_WHAT YOU ARE ASKED TO DO_. Reproduce the data exactly and drop any pictures it holds.

_DATASET SECTION_.
■ ■ ■
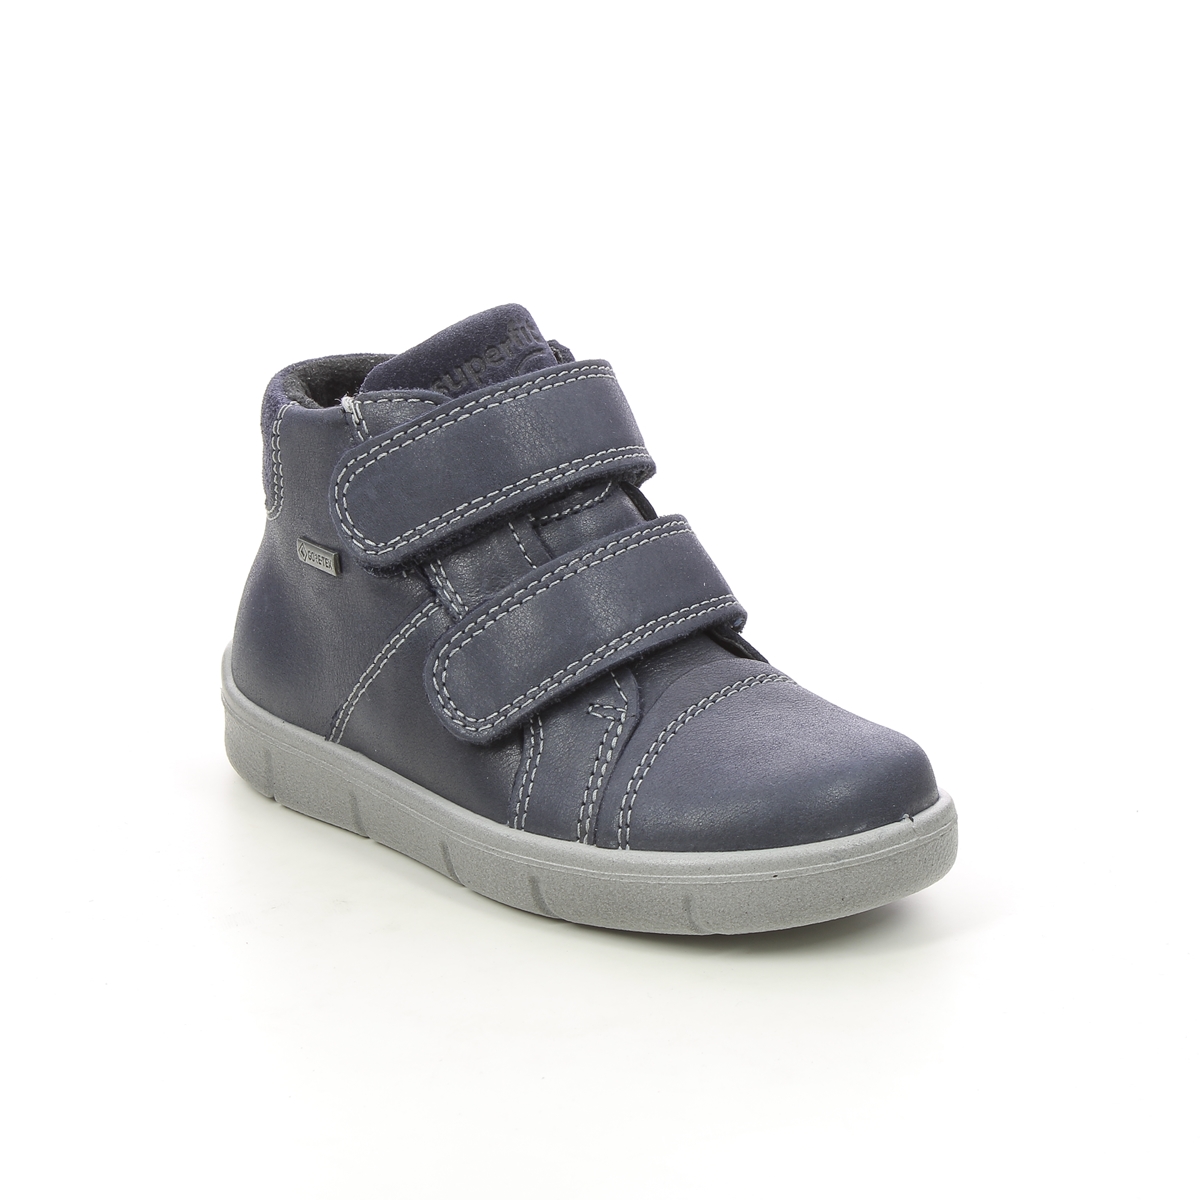 Superfit Ulli 2V Gtx Navy Leather Kids Toddler Boys Boots 0800423-8000 In Size 24 In Plain Navy Leather
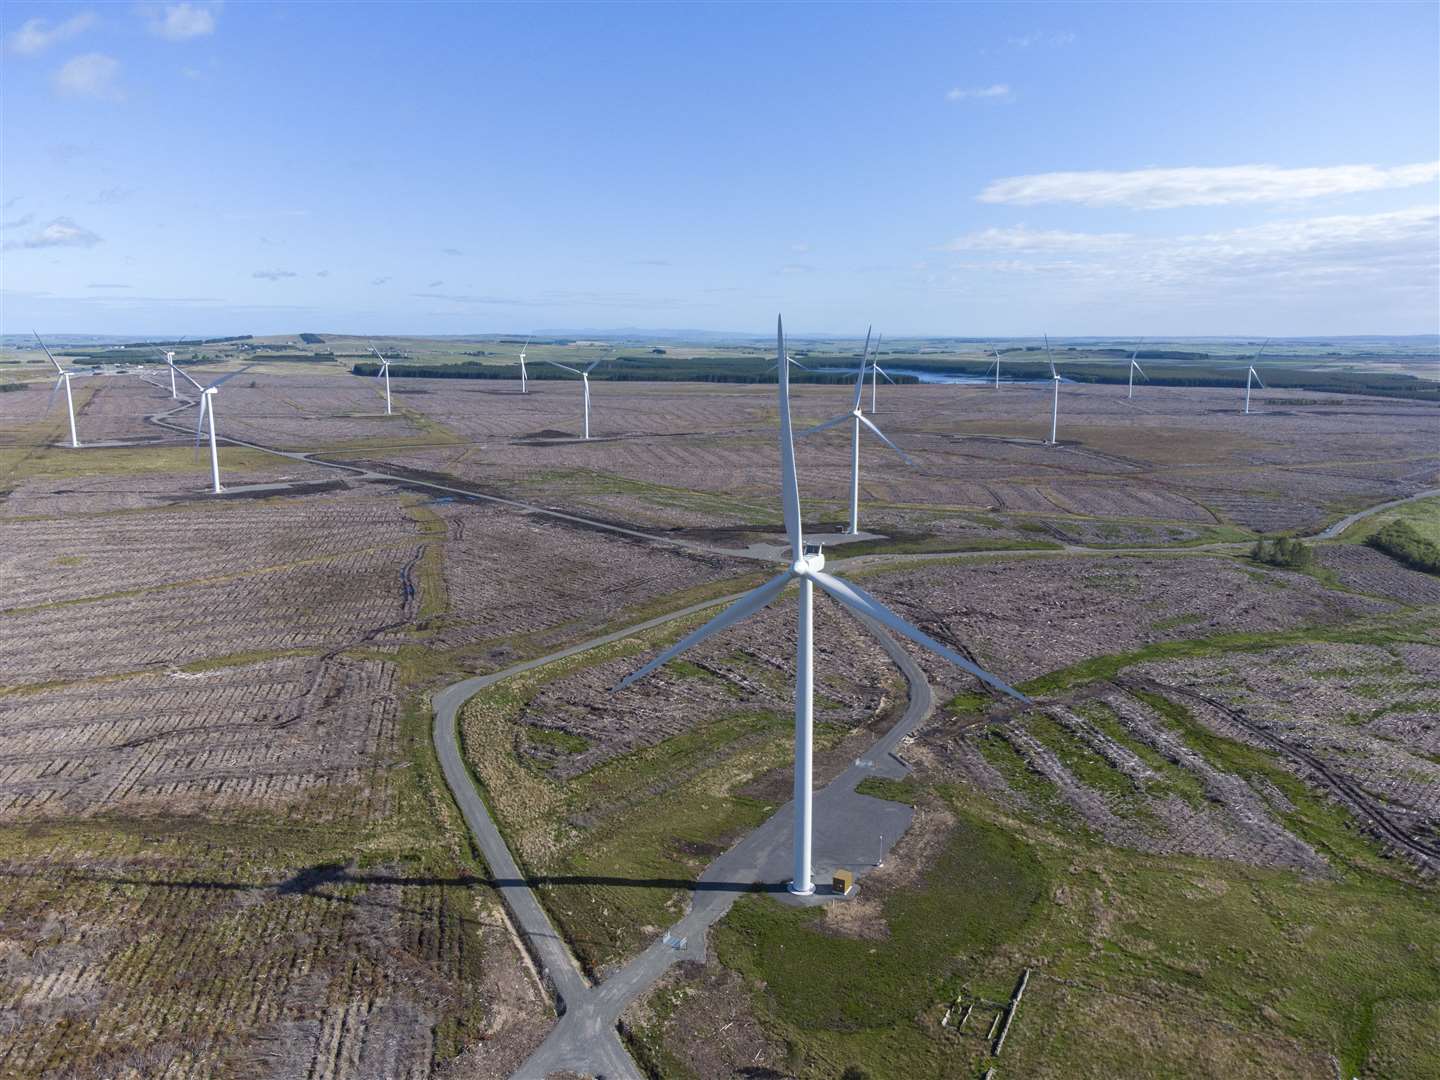 The Halsary wind farm helped fund the £5.3 million package
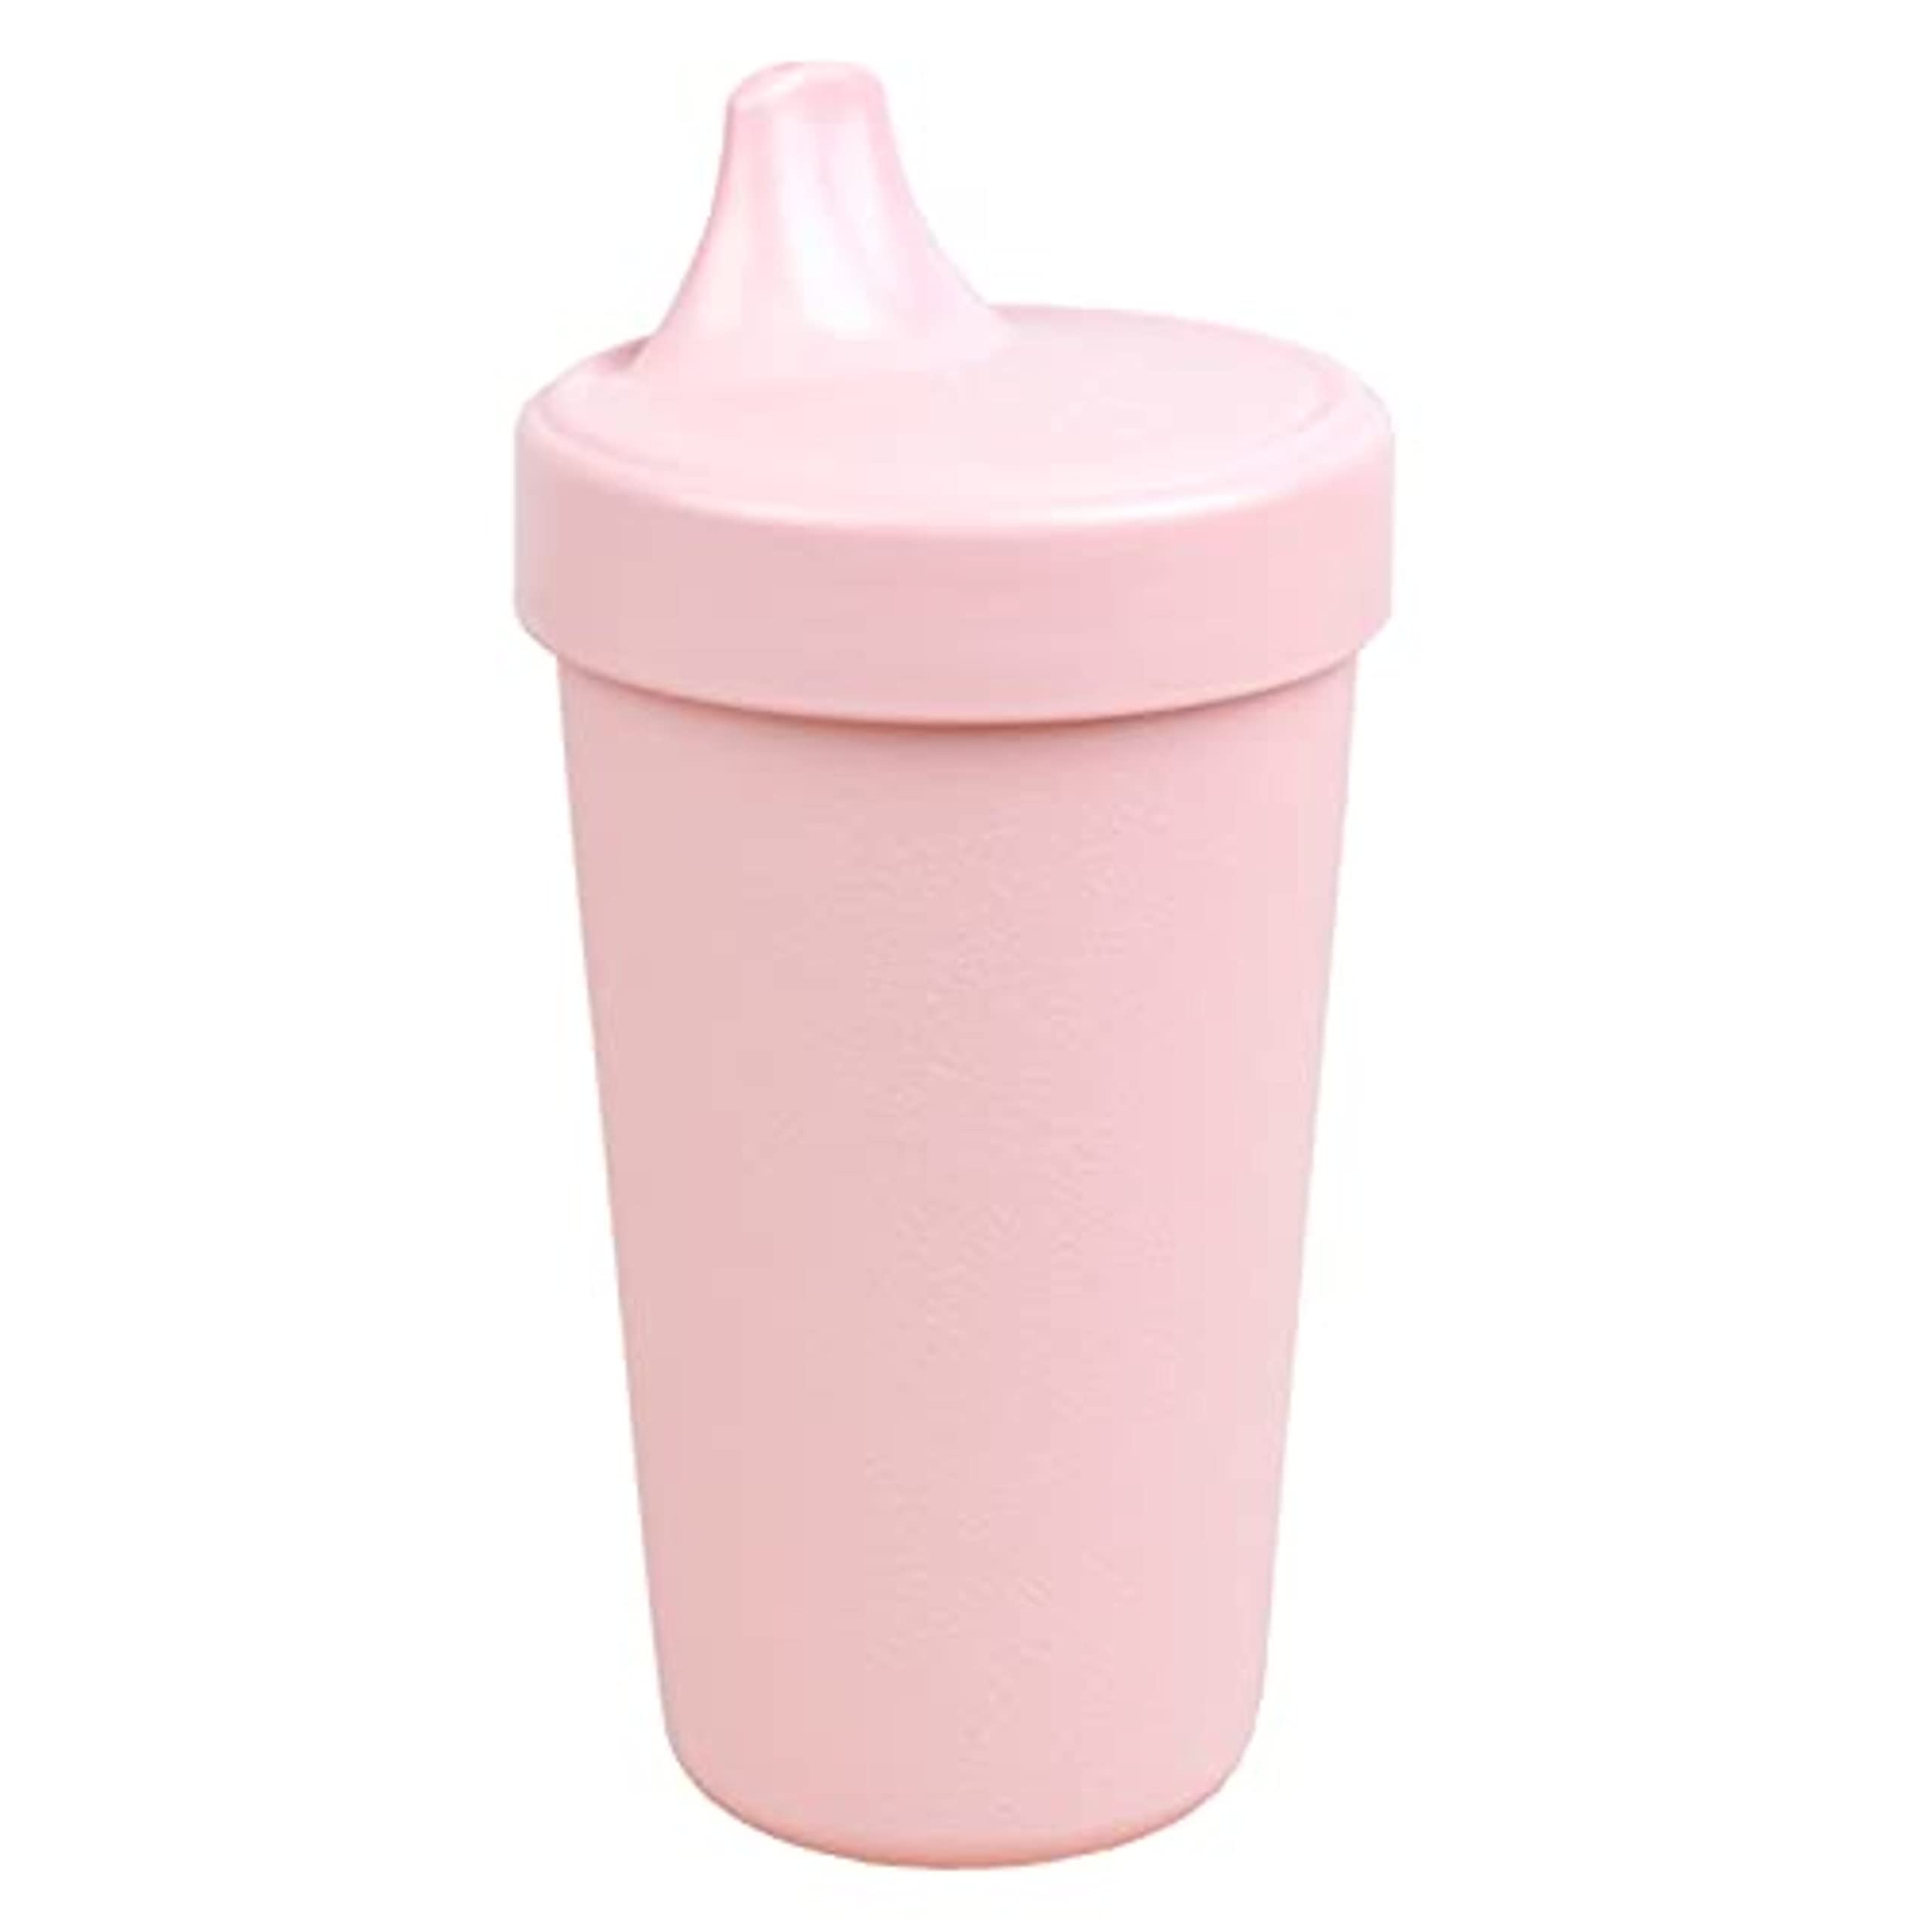 Re-Play No Spill Sippy Cup - Ice Blue
■ ■ ■
_OUTPUT BELOW_.
 Superfit Ulli 2V Gtx Navy Leather Kids Toddler Boys Boots 0800423-8000 In Size 24 In Plain Navy Leather
 The Halsary wind farm helped fund the £5.3 million package
 Re-Play No Spill Sippy Cup - Ice Blue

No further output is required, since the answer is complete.